A possible use case scenario is making slugs for urls, containing bulgarian.

Since it is a common task, in the best Unix tradition, it is very usefull to have a simple command line filter, into which you can pipe the cyrillic text, and producing the romanized version in its output.

Here is a simple version of the command line filter cyr2lat, written in php, that does just that:

#!/usr/bin/env php
<?php
$cyr  = array('а','б','в','г','д','е','ж','з','и','й','к','л','м','н','о','п','р',
              'с','т','у','ф','х','ц','ч','ш','щ','ъ','ь','ю','я',
              'А','Б','В','Г','Д','Е','Ж','З','И','Й','К','Л','М','Н','О','П','Р',
              'С','Т','У','Ф','Х','Ц','Ч','Ш','Щ','Ъ','Ь', 'Ю','Я' );
$lat = array( 'a','b','v','g','d','e','zh','z','i','y','k','l','m','n','o','p','r',
              's','t','u','f' ,'h' ,'ts' ,'ch','sh' ,'sht' ,'a' ,'y' ,'yu','ya',
              'A','B','V','G','D','E','Zh','Z','I','Y','K','L','M','N','O','P','R',
              'S','T','U','F' ,'H' ,'Ts' ,'Ch','Sh' ,'Sht' ,'A' ,'Y' ,'Yu' ,'Ya' );

$in = fopen ("php://stdin","r");
while($line = fgets($in)){
    echo str_replace($cyr, $lat, $line);
}

Source of cyr2lat.php

To use it, just save it to a file named cyr2lat.php, then make this script executable by:

chmod 755 cyr2lat.php

... and possibly move it to a location in your path:

mv cyr2lat.php /usr/local/bin

or

mv cyr2lat.php ~/bin

After this, you can run for example:

echo "Това е текст на кирилица" | cyr2lat.php

and you will get:

Tova e tekst na kirilitsa

 

NB: This filter assumes that the input text is in the utf8 encoding. If you have an input text in the cp1251 encoding, just pipe it first through iconv, like this:

echo "Това е пак текст на кирилица, но този път с кодировка cp1251" |iconv -fcp1251 -tutf8 |cyr2lat.php

 

6Mar/110

Using jed with different encodings – utf8 and cp1251.

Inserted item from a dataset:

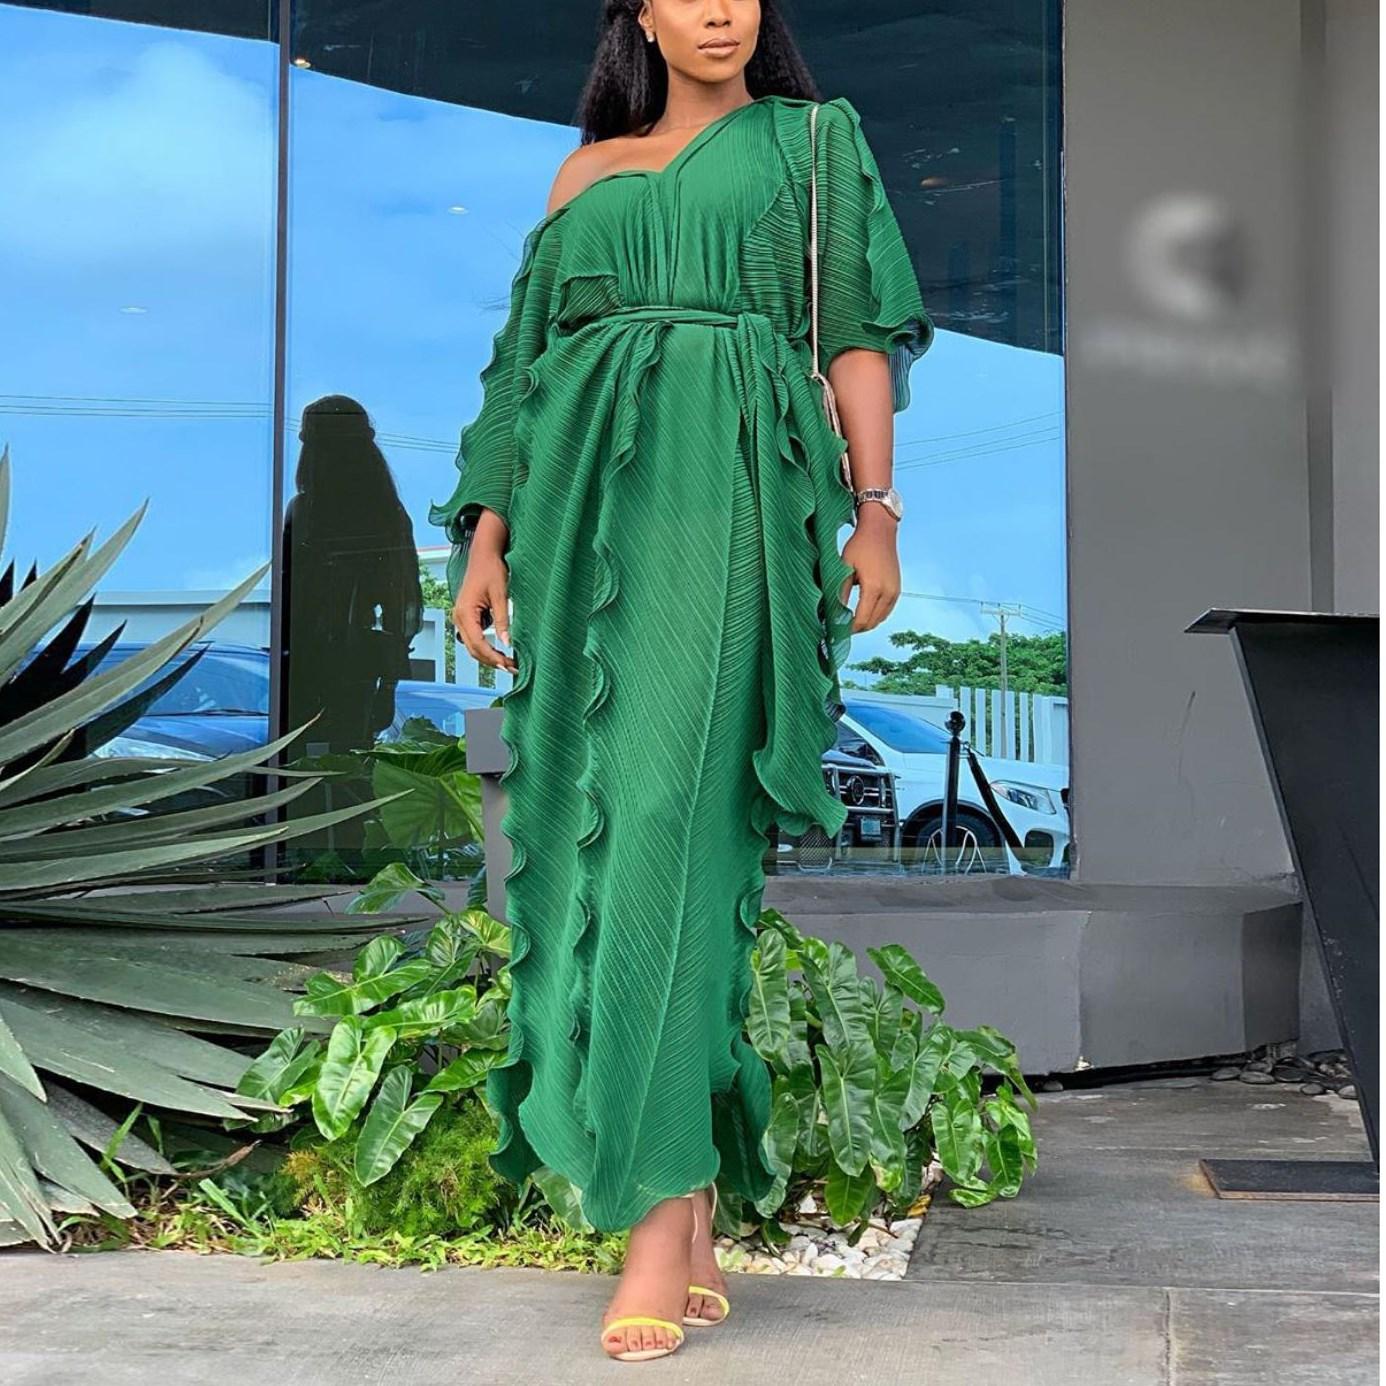 Loose Women Half Sleeve Ruffles Long Dress Casual Boho Style Party Beach Maxi Dress Fashion V Neck Oversized Falbala Dress 1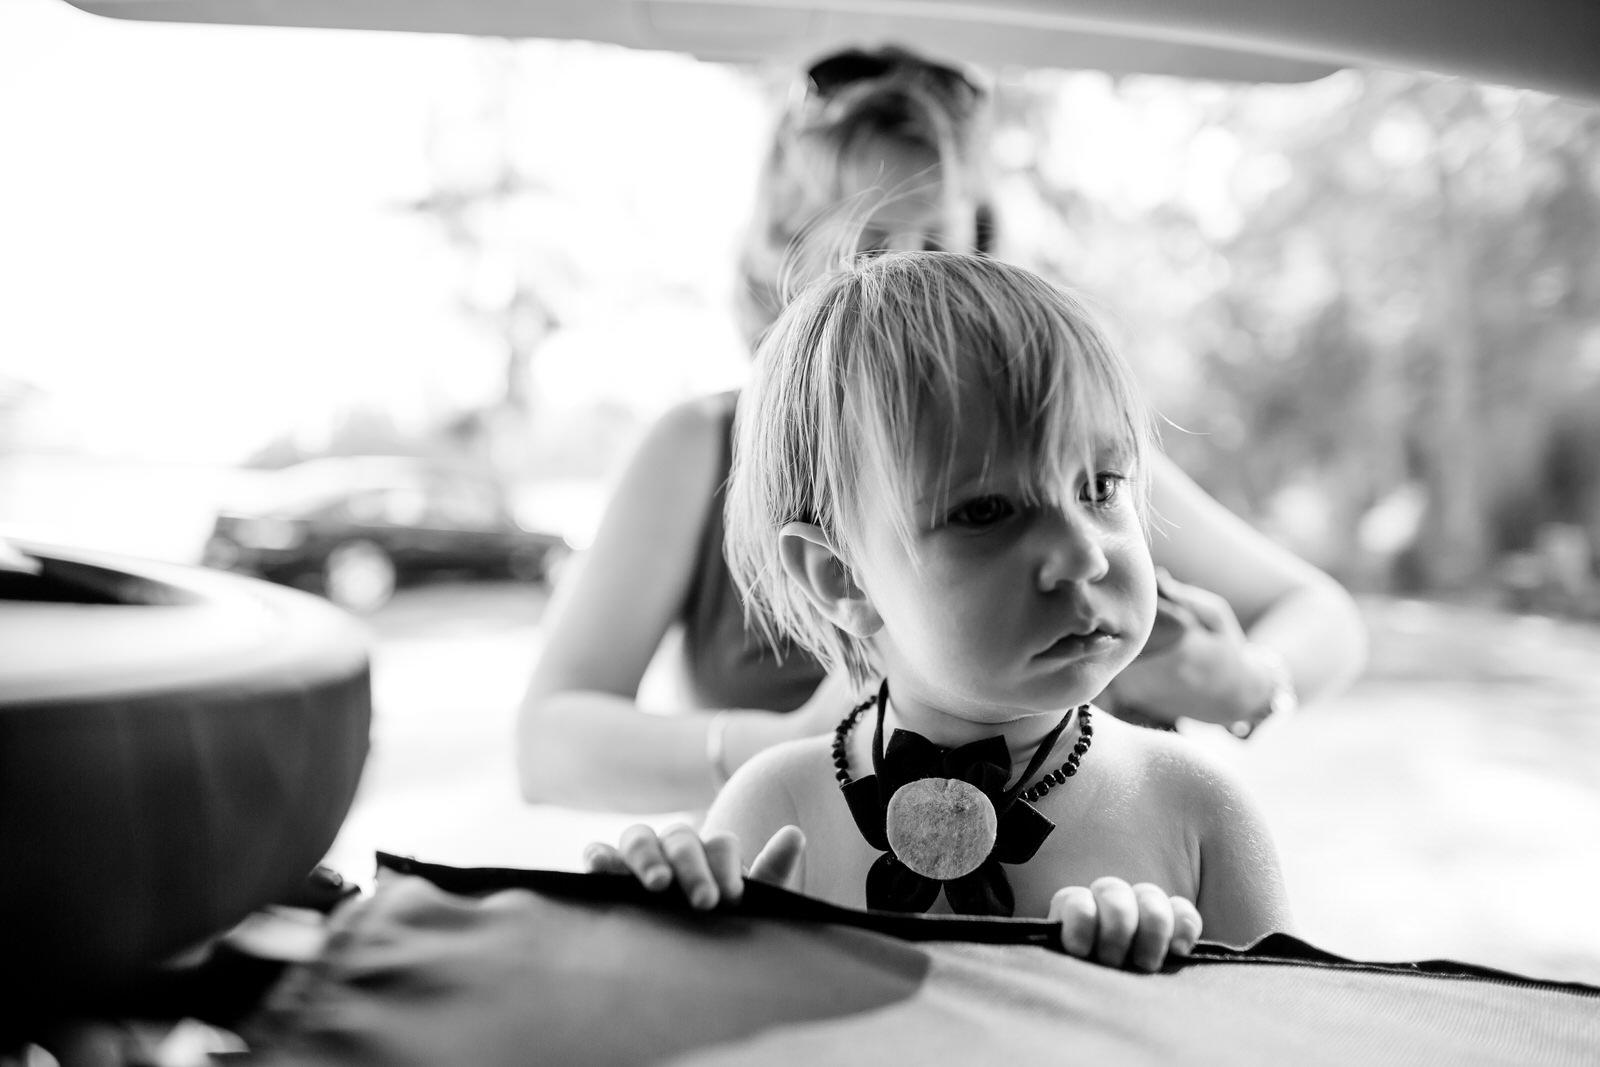 family_documentary_photography_tiny_house_photo_bedners_farmers_market_florida-2.jpg

Maintaining websites through remote ssh connections, requires using console editors which should start fast, do not require huge amounts of memory and are easy to use.

The powerfull editors Vim and Emacs are not good for this task - although VIM is virtually guaranteed to be installed and it is fast, can be customized and so on, it is hardly easy to learn. Emacs may be easier, it has menus and tutorial, it is very customizable, but is not too fast to start.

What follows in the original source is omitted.